Damn autocorrect. Should say 'badly'.

The magnetic clutch is what drives the compressor when it's switched on by the A/C switch on the dash - can get very noisy and then fail. I think it's possibly bearing related. It's linked in via the serpentine drive belt on the front.

Easy-ish test is to open bonnet, have engine running and get someone to switch on A/C - you should hear a clack as it engages.

It won't do that if there is no gas though - I also had bad seals in the piping cause issues.


My compressor isn't kicking in - I can normally hear the clack from the inside of the car (plus the revs change a little as it loads the engine) and can't at the moment. Saying that, if there is not enough gas in the system then I understand the compressor won't start so it could be a leak or a compressor problem. My usual air con guy has retired (I found out today) so need to find someone else.
 
Try Quik Fit for a re-gas - if it does not work they do not charge.

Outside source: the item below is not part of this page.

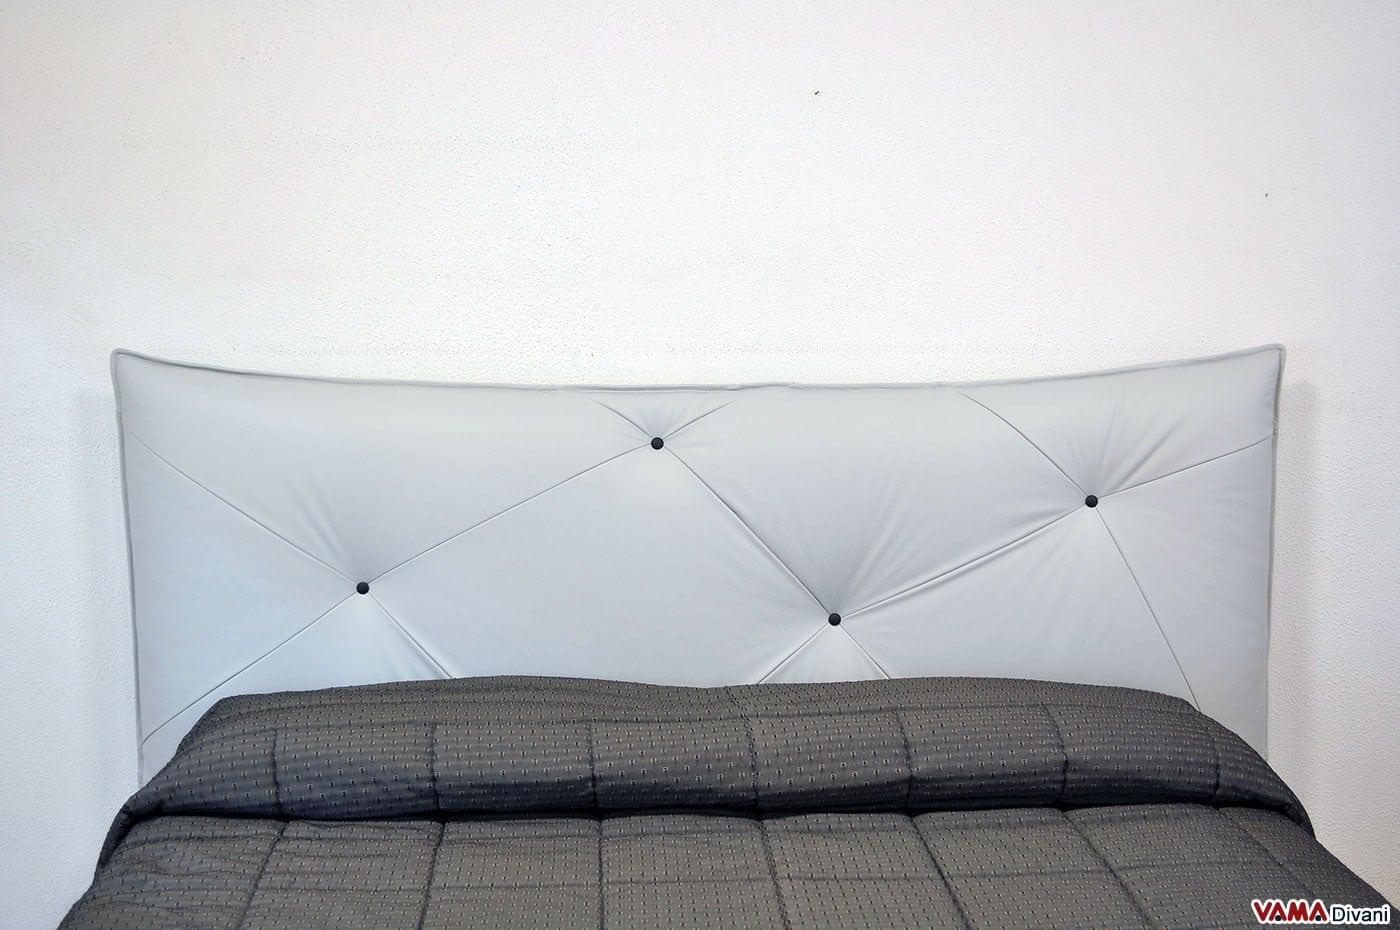 Letto matrimoniale di design duty vama divani - Testiera letto design ...

Thanks. My only concern with that is that when I had a leak last time, the re-gas worked initially until all the new gas leaked out a day or two later! So I would have handed over my cash to Kwik-crook by then and I wonder how easily I could get it back off them!
 
That 'clack' is the magnetic clutch engaging. If all the unicorn fart leaked out after 2 days then QED there is a leak. And not aways from a joint - check the pipe in front of the radiator for corrosion too.

Good luck!!
 
No, it leaked out in two days four years ago when I had a corroded pipe.

If there is no leak but a problem with the magnetic clutch then I guess the symptoms would be the same as I have now i.e. no "clack" noise. So at the moment it could be either a leak or a clutch / compressor problem.
 
Have you looked in the sight-glass to see if you have a bubble?? If there isn't one chances are the gas is gone
 
In the engine room just to the right and fwd of the air filter housing is the A/C pipework - you should see a bubble glass viewer in the pipe there. I 'think' there may be another - I'd need to go look at some pictures or the FSM
 
Thanks. Will have a butcher's later on.

BTW, is there a separate compressor running the rear air con?
 
No compressor I think But there is a fan behind the right rear panel in the boot, next to the subwoofer. All runs on the same system - but you can turn the rear a/c off on the console controls obviously.
 
I can't recall ever getting chilled air in the rear and wondered why (the blower works though). I have ignored it as the front fans are pretty strong and soon cool the rear with the air con on full blast.